4:31 / Os discípulos haviam pedido poder, e como resposta receberam dons de poder, tanto a curto como a longo prazo (conquanto houvessem orado com freqüência nesse sentido). De imediato moveu-se o lugar em que estavam reunidos, como se atingido por um terremoto — um sinal costumeiro da parte de Deus para denotar sua presença (cp. 16:26; Êxodo 19:18; Salmo 114:7; Isaías 6:4; Ezequiel 38:19; Joel 3:16; Amos 9:5; Ageu 2:6) — e todos foram cheios do Espírito Santo. Nesse poder, os discípulos anunciavam com ousadia a palavra de Deus. Não precisa­mos supor que a pregação deu-se ali e naquele instante. A força da expressão no grego é que os discípulos transformaram a pregação em prática costumeira (nisto reside, em parte, a resposta de longo prazo à oração deles). A opinião segundo a qual temos aqui um relato variante do ocorrido no Pentecoste, e que os discípulos estavam falando em línguas não tem o mínimo fundamento. Quanto à experiência momentâ­nea de os discípulos serem cheios do Espírito Santo, veja as notas sobre 2:4 e a disc. sobre 4:8.

 

Notas Adicionais # 9

4:25 / Tu disseste pela boca de Davi, teu servo: NIV traz uma tradução um tanto diferente: "Tu disseste por intermédio do Espírito Santo, pela boca de teu servo, nosso pai Davi". Isto talvez represente o sentido que Lucas pretendia dar às suas palavras no grego, visto que a linguagem ali é bastante esquisita, para não dizermos "absolutamente contra a gramática" (BC, vol. 4, p. 46). A dificuldade talvez resida no fato de ser uma tradução para o grego. C.C. Torrey, em sua teoria de uma fonte escrita em aramaico, reconstruiu o texto de modo que viesse a significar o seguinte: "aquilo que nosso pai, teu servo Davi, disse sob o comando do Espírito Santo" (pp. 16s.). Bruce acredita que o único meio de se traduzir esse texto, como está, é tomando Davi como a boca (o porta-voz) do Espírito Santo (Book, p. 105, e é exatamente isso que NIV e ECA fizeram, com ligeira variação). Deixando de lado as dificuldades, o efeito geral das palavras é enfatizar que Deus está no controle do veículo bem como da mensagem.

4:27 / Teu santo Filho: O termo grego pais pode significar "filho, criança", (por isso ECA o traduz assim), cp. Salmo 2:7 (embora aqui a LXX empregue uma palavra diferente). NIV traz "teu santo Servo". É a descrição familiar de Jesus em termos do servo de Isaías.

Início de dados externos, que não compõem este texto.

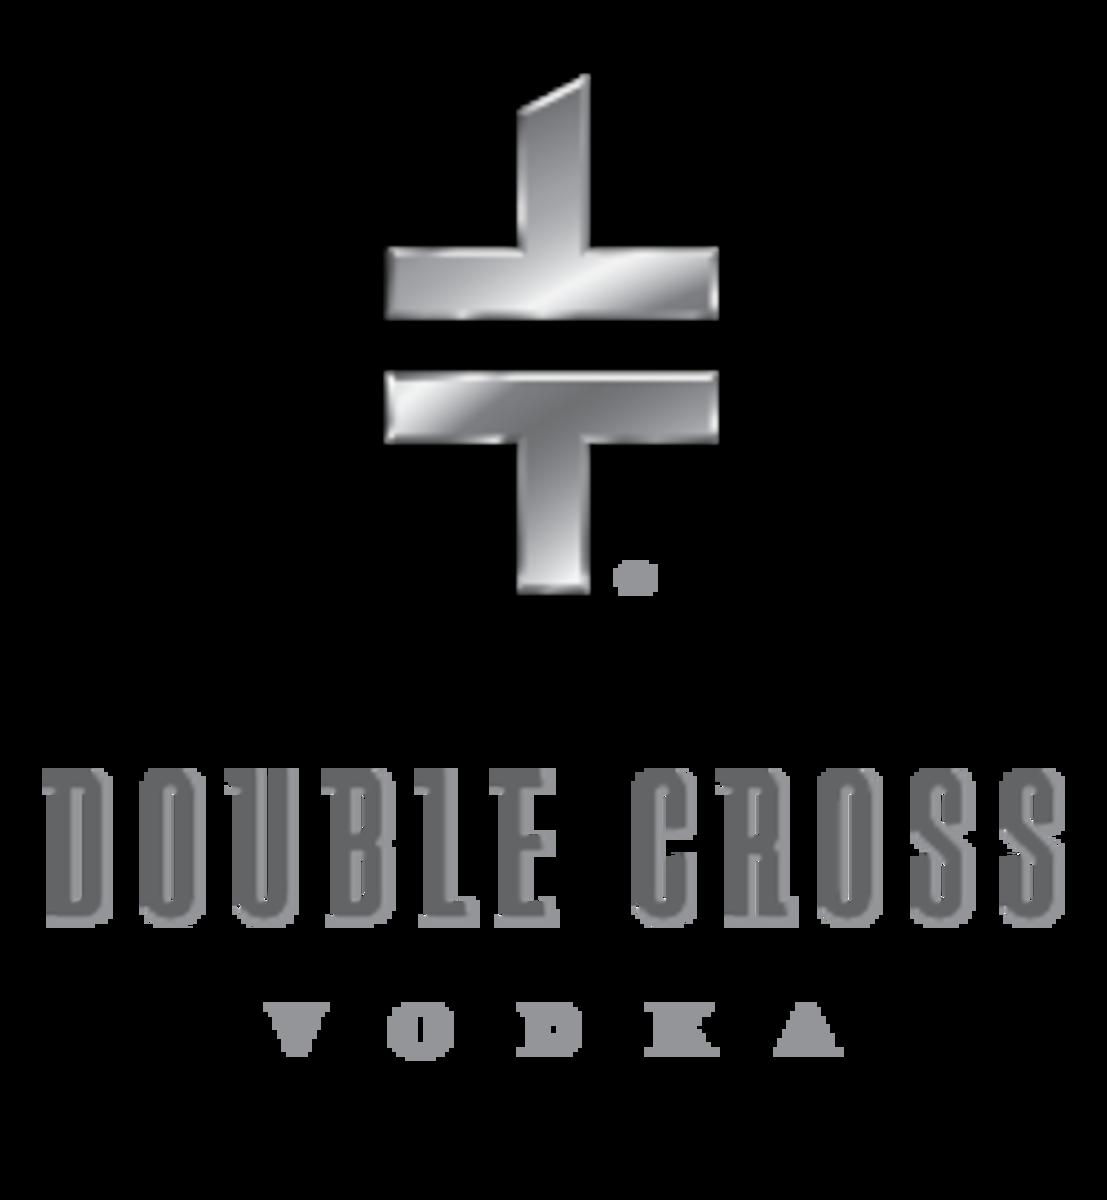 The Double Cross Logo
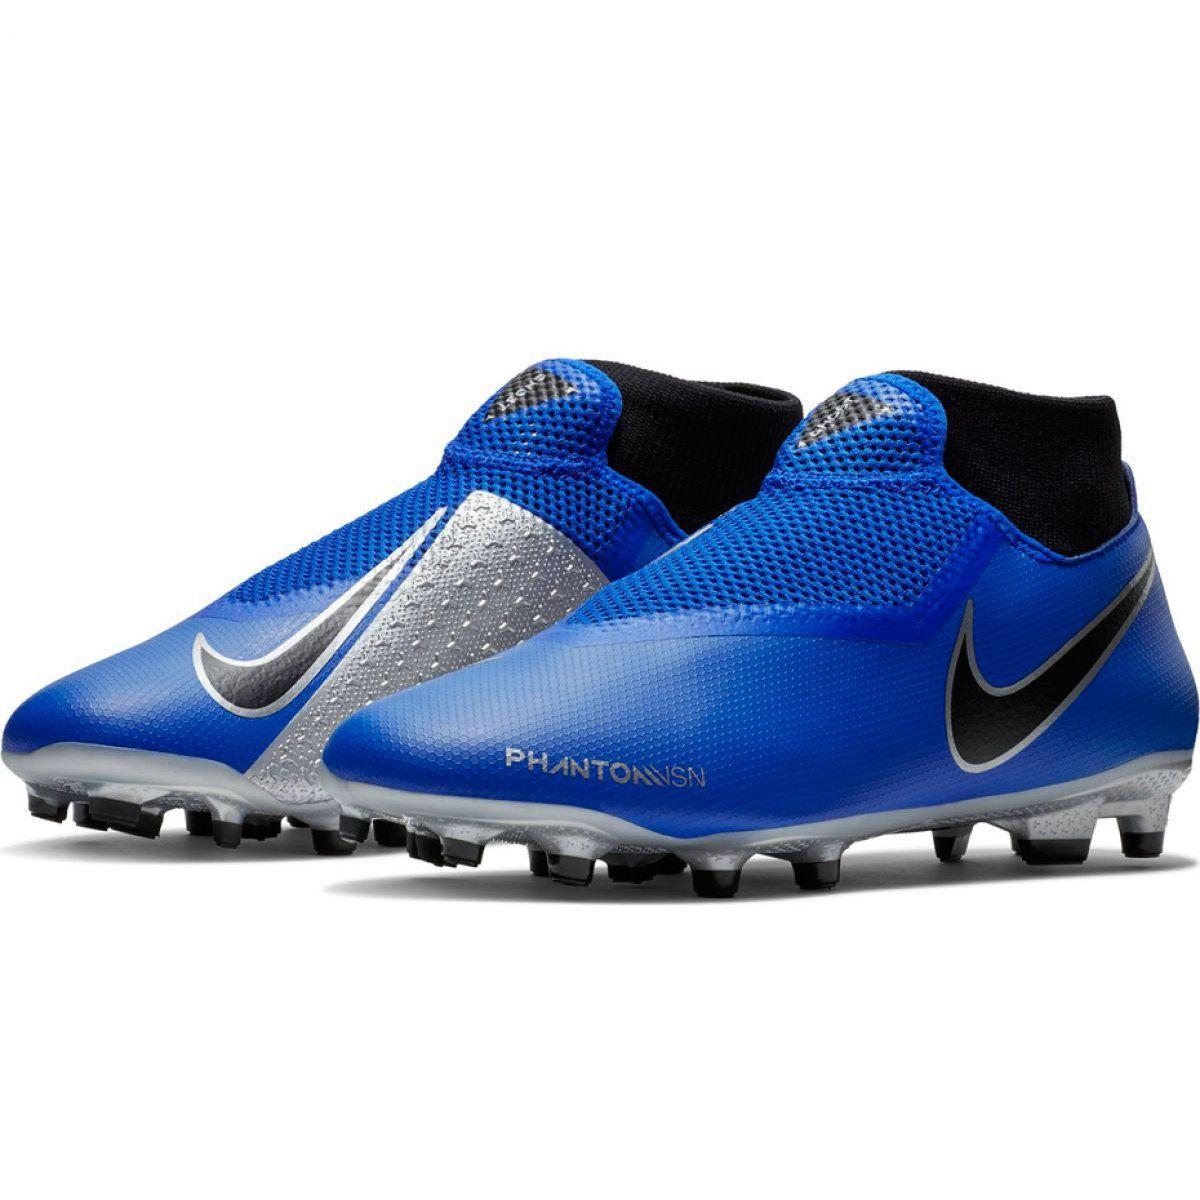 Buty Pilkarskie Nike Phantom Vsn Academy Df Fg Mg M Ao3258 400 Niebieskie Wielokolorowe Football Shoes Nike Blue Shoes

que tu ungiste: Quanto ao emprego de uma frase relativa, veja a nota sobre 4:10. Se estivermos corretos em pressupor que se trata do batismo de Jesus, reflete de novo um ponto de vista diferente do de Lucas (veja a disc. sobre o v. 24). Como demonstra a narrativa do nascimento do Senhor, Lucas considerava Jesus como o Messias desde seu nascimento.